Disclaimer: Stephanie Meyer owns all.
Rated M for several reasons.
I can't believe I am actually back in Forks. Of my own free will no less.
No, actually I can, it's raining and despite being mid-afternoon, dark enough to feel like the onset of the end of the world. Or perhaps that's just my mood. End of the world like.
Charlie got me a car, or a Chevy truck to be precise. It hadn't even occurred to me to want something in Phoenix but no way was I moving to a new / old town to be ferried around in his cruiser, I had every intention of using my meagre savings to get something. In spite of my misgivings at his description I fell in love with it the moment I saw it parked in the street. It has presence.

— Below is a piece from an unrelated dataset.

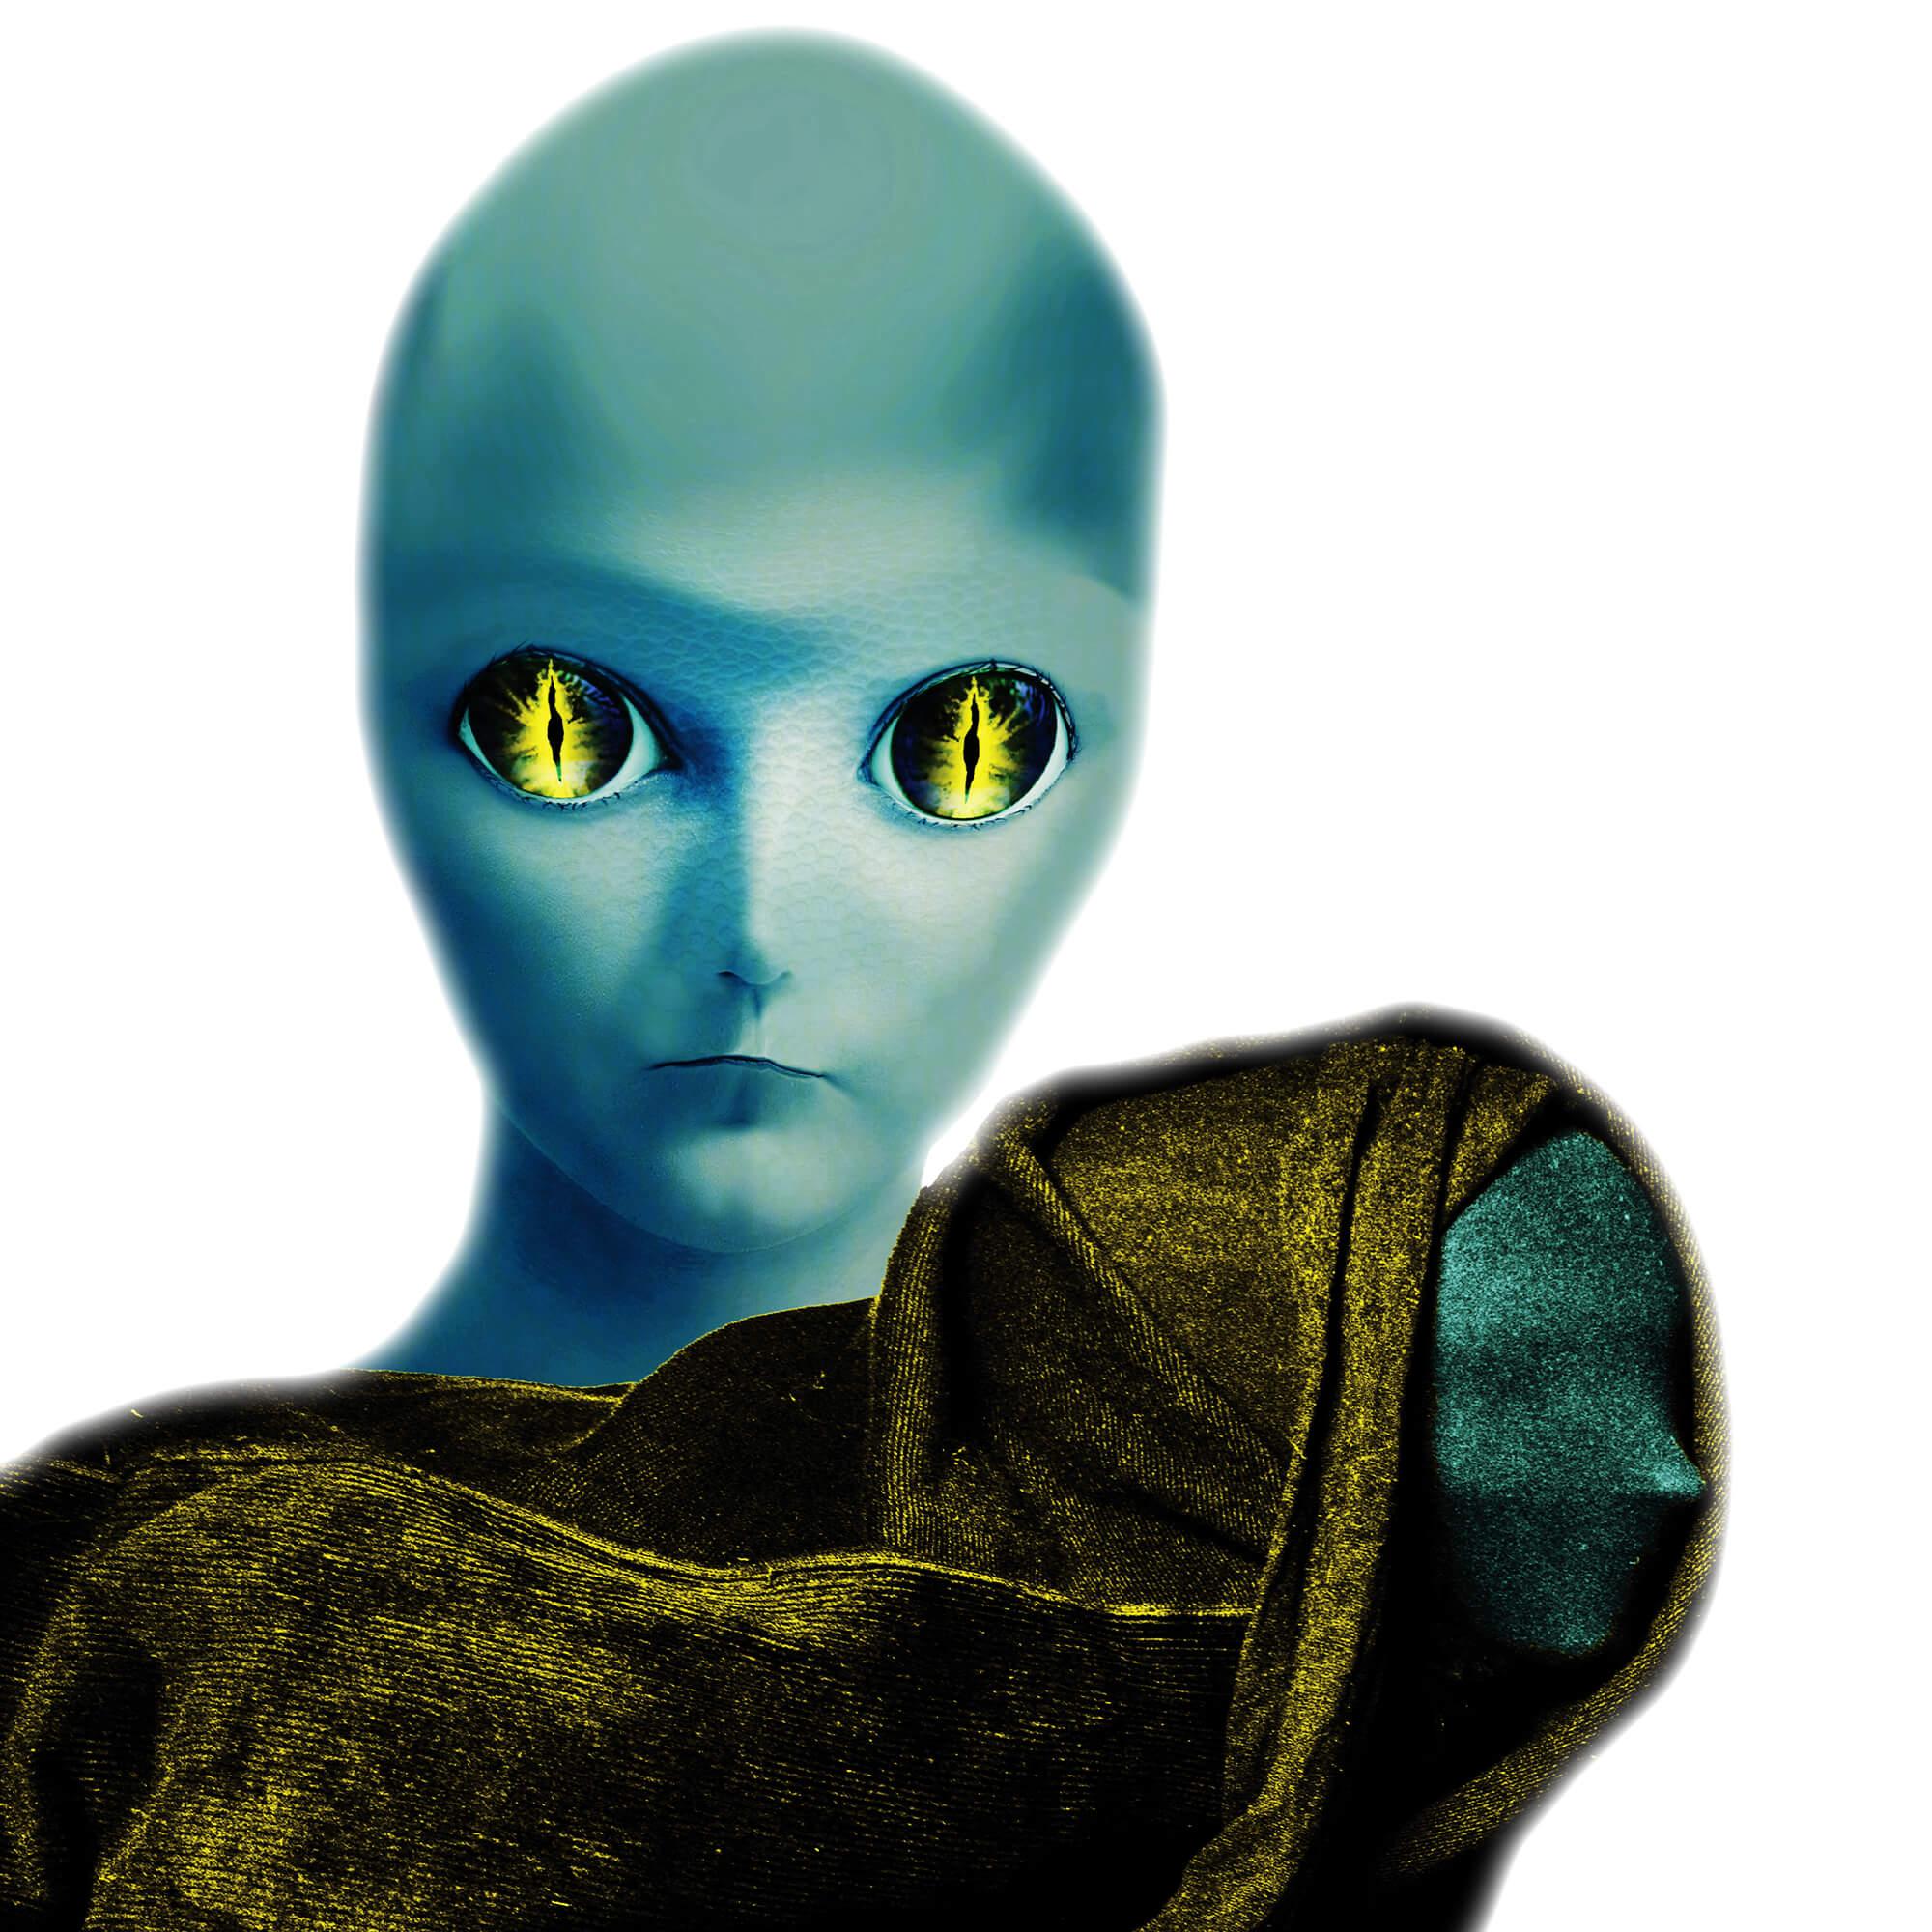 Gothic Zen™ Studios Alien with child Goran Zivanovic

Which is why I'm taking it for a test drive now instead of crying in my room.
I am pleased for my mom, really, Phil is a good guy. And it isn't either of their faults he moves around a lot playing ball. But I could see it made her sad when she felt obliged to stay at home with me and so eventually I decided to move back to live with my dad, Charlie, at least for a while.
I'm dreading school tomorrow. There will be less people there in total than I had in my entire junior class in Phoenix. Not that it makes any difference in the grand scheme of things, I didn't fit there and I am resigned to repeating that feat here. I always seem to be somehow out of step with the world around me. My mom calls that being seventeen. I think it's just me.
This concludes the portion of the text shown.